Any chance of invasive spreading through seeds, air borne or critter spread?


----------



## begreen (Sep 12, 2015)

Haven't heard of that. The clumping variety does spread, but not by runners so it is much slower and outward from the plant. The website link Jeff provided earlier has good info and photos of how big they grow from year to year.
http://www.bamboogarden.com/Hardy clumping.htm


----------



## mass_burner (Sep 19, 2015)

I have 3, 3' bamboo plants on hold pending final mark down. At markdown they would be $75 for all 3.


----------



## Bret Chase (Sep 19, 2015)

begreen said:


> Haven't heard of that. The clumping variety does spread, but not by runners so it is much slower and outward from the plant. The website link Jeff provided earlier has good info and photos of how big they grow from year to year.
> http://www.bamboogarden.com/Hardy clumping.htm



I am plagued by running american bamboo on my property.  it sucks.


----------



## begreen (Sep 19, 2015)

It took me years to get that under control and it still sneaks up in a densely planted bed where it can hide as it grows.


----------



## Bret Chase (Sep 19, 2015)

begreen said:


> It took me years to get that under control and it still sneaks up in a densely planted bed where it can hide as it grows.

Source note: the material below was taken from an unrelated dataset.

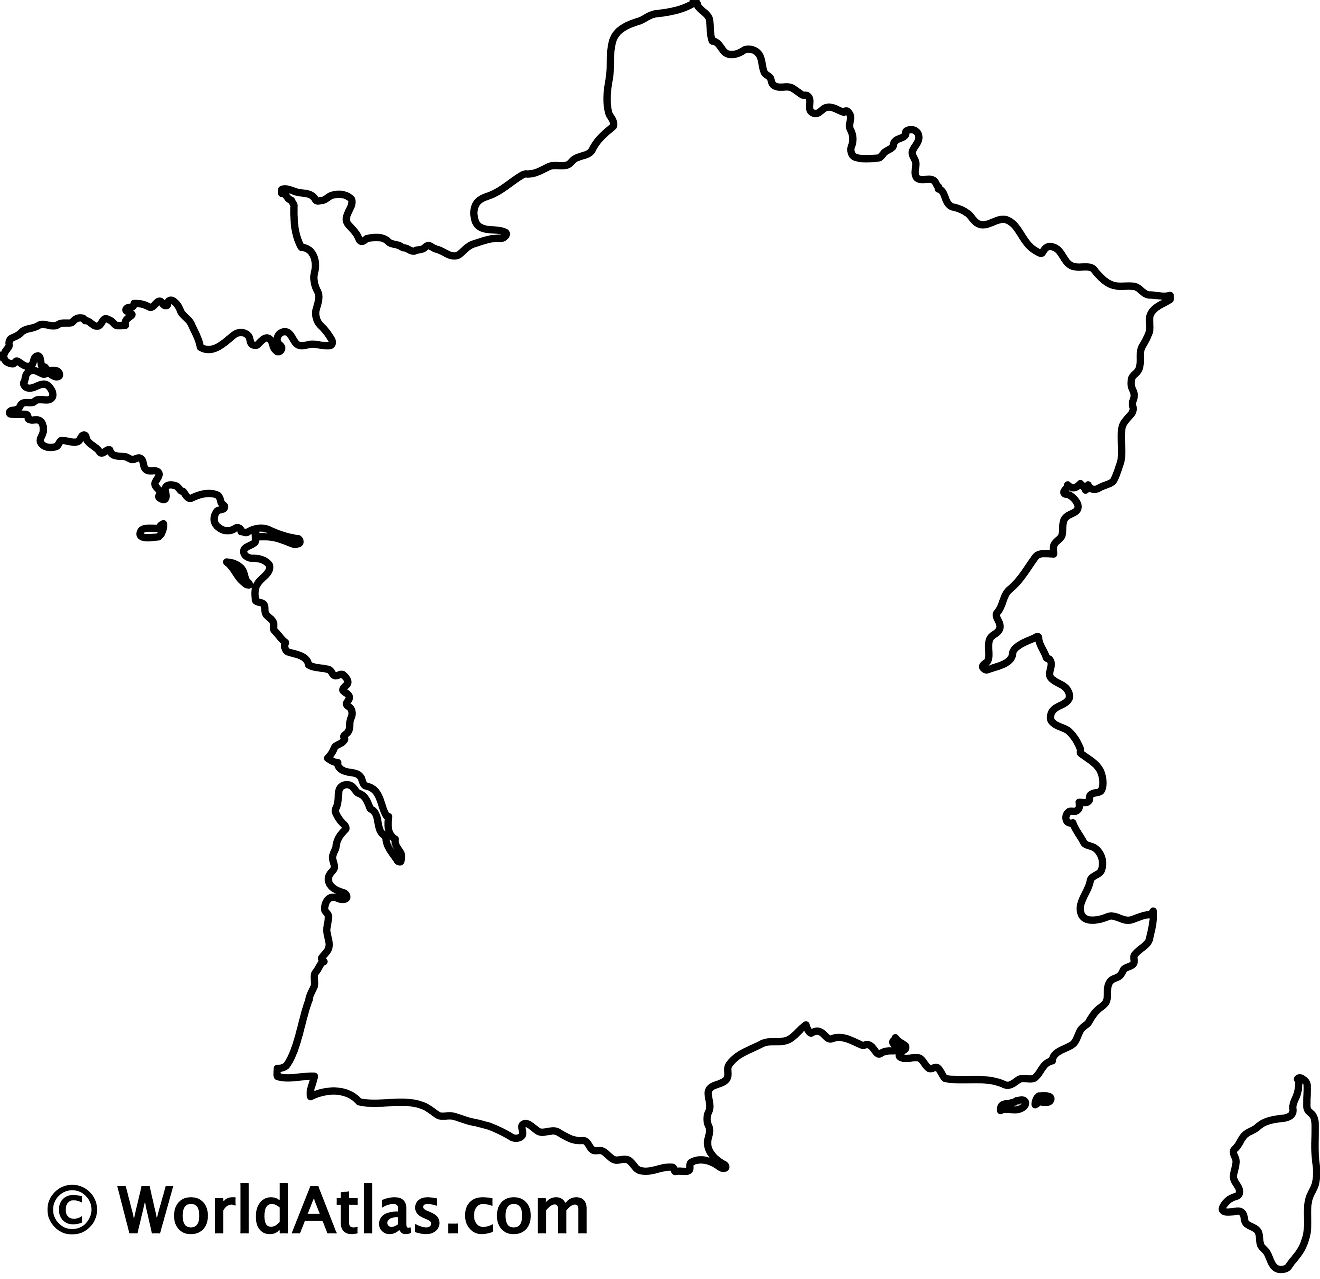 Outline Map Of France Paris France Maps & Facts - World Atlas
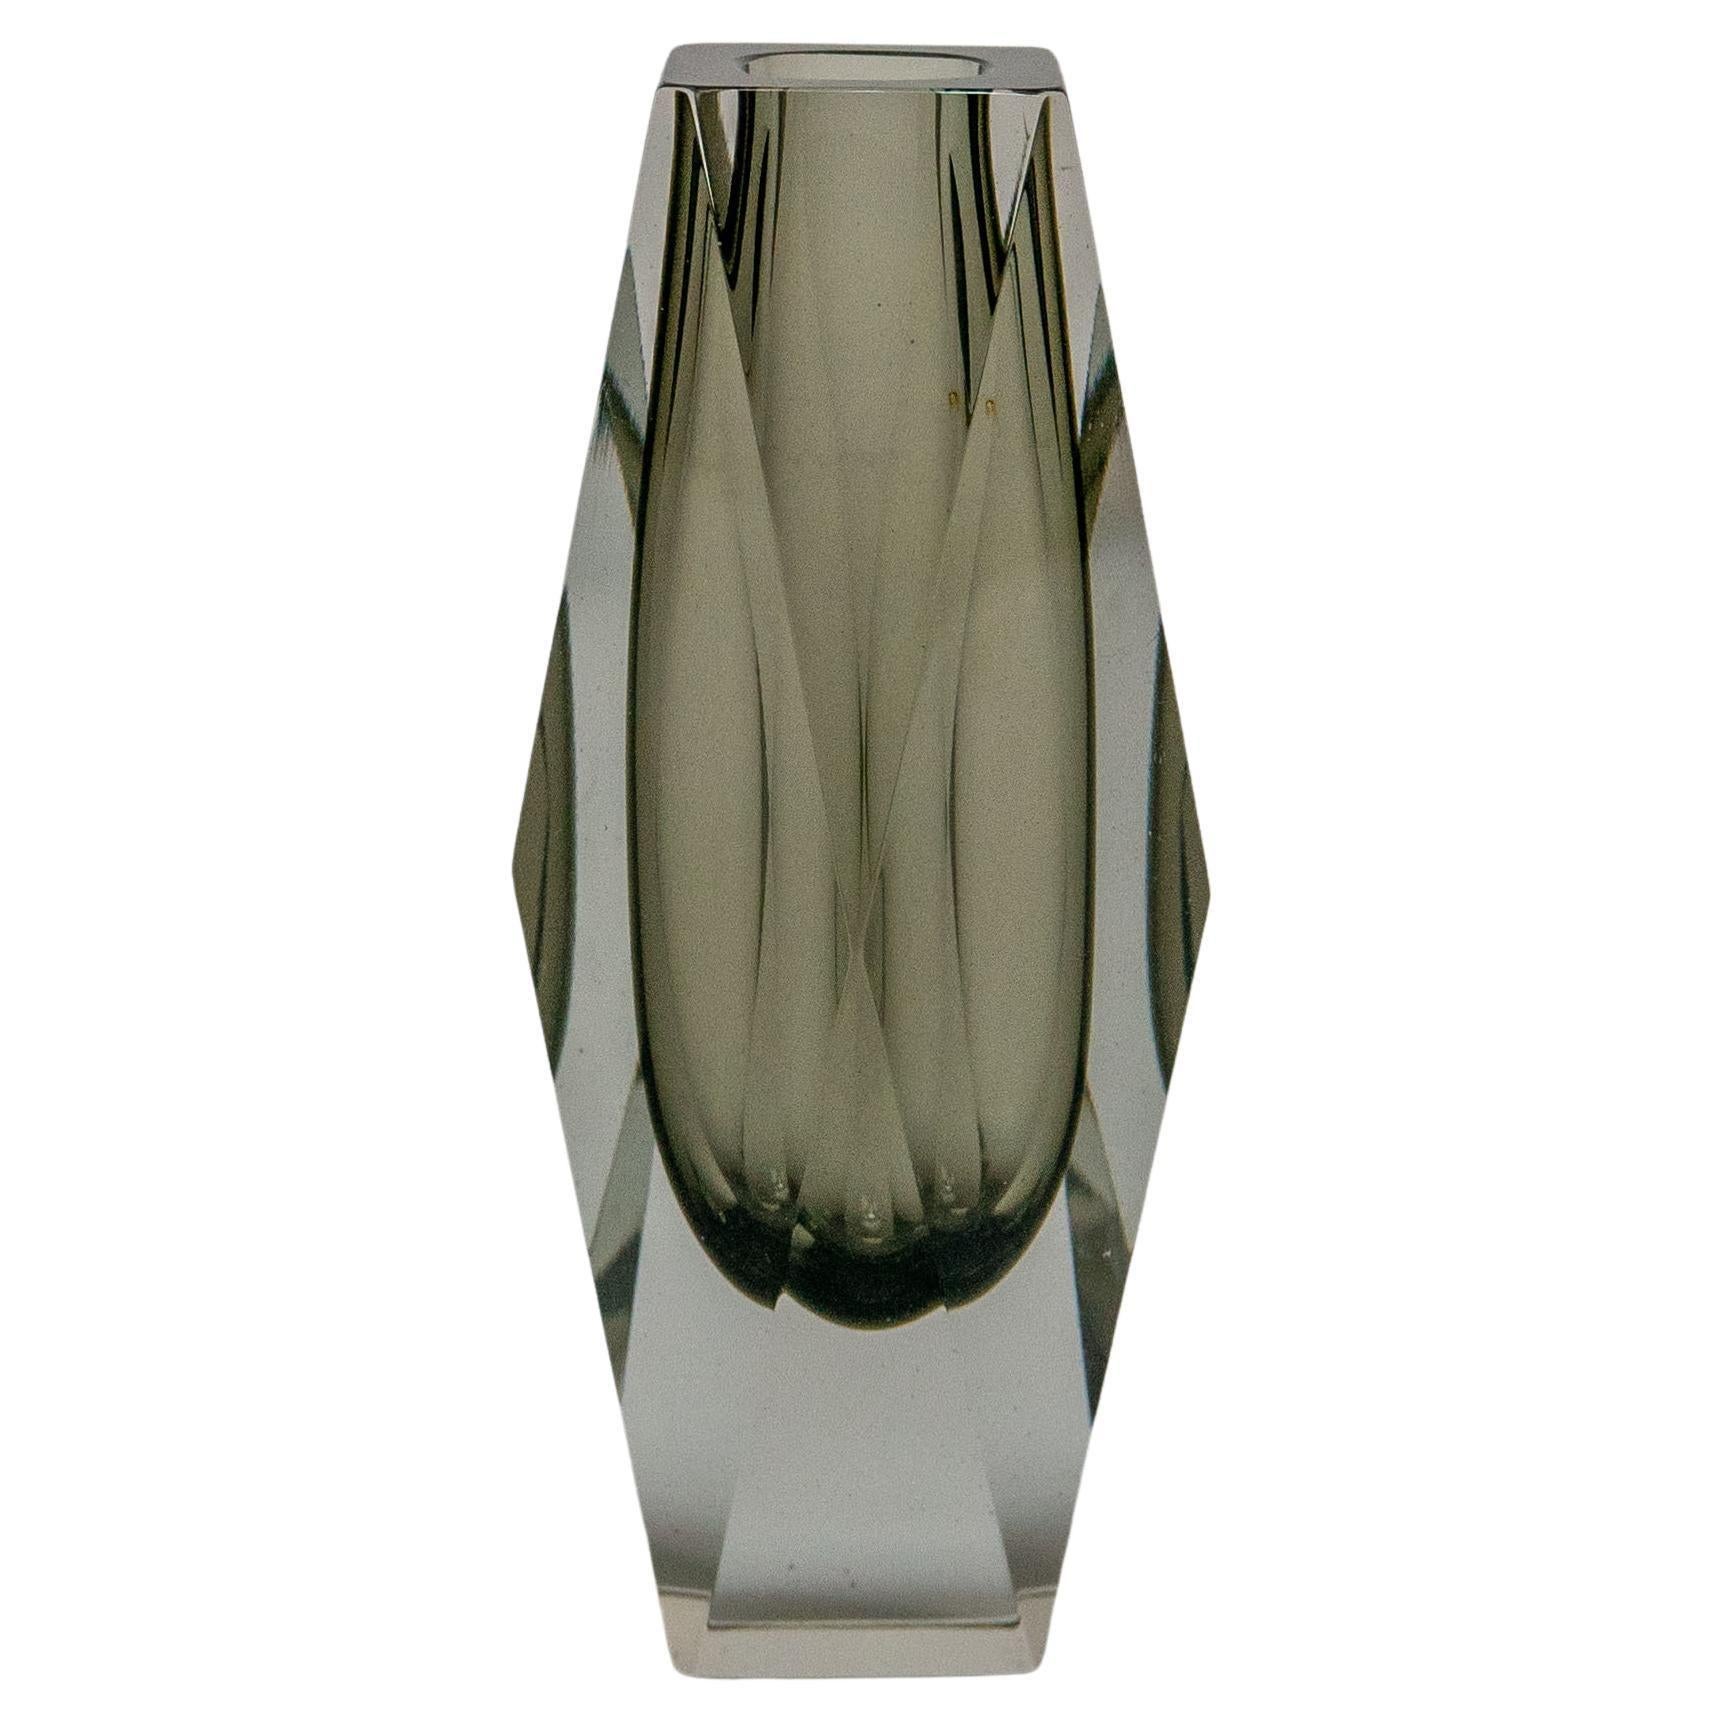 Vintage Italian Vase in Massive Grey "Sommerso" Murano Glass, Flavio Poli Style For Sale

my biggest problem is that exists across propery lines....even if I get mine under control.....  the neighbor's are renters.. and the landlord doesn't give a crap.


----------



## begreen (Sep 19, 2015)

Yes, I have the same issue in reverse on our property with an English elm that spreads forever underground. You have to admire bamboo's persistence. Tough plant.


----------



## mass_burner (Sep 19, 2015)

begreen said:


> Yes, I have the same issue in reverse on our property with an English elm that spreads forever underground. You have to admire bamboo's persistence. Tough plant.


You sound like the cyborg on Alien.


----------



## begreen (Sep 19, 2015)

I am. All your bytes are belong to us.


----------



## mass_burner (Oct 4, 2015)

So back to the bamboo, how far apart should I place them. I have 3 about 3' tall. I have 20-25' to screen.


----------



## begreen (Oct 4, 2015)

4-5 ft apart. You may need a couple more plants. 
http://www.bamboogarden.com/Bamboo growth rate.htm


----------



## mass_burner (Oct 4, 2015)

begreen said:


> 4-5 ft apart. You may need a couple more plants.
> http://www.bamboogarden.com/Bamboo growth rate.htm



The tag read 3' wide. So put them about 40" apart starting from the right. The right 15' side is what I'm really concerned with screening. On the left side, I put the fake bamboo in a semi circle around a stump, then continuing the line with the real bamboo. 

Planting around mature trees is a pita, and our rock soil doesn't help either.


----------



## BlueRidgeMark (Oct 15, 2015)

mass_burner said:


> My only concern is rate of vertical growth won't be fast enough.




Try Spray-n-Grow.  That stuff is amazing.  As an experiment, I tried it on half of a privet hedge one summer.  I did only two applications, and forgot about it. The next spring, I was looking out the back door wondering what in the world was going on.  Half my privet hedge was a good 18" taller than the other half, and bushier, denser, and in all ways healthier than the other half.  My wife and I scratched our heads for a bit until we remembered my experiment.


Just.  Two.  Applications.


----------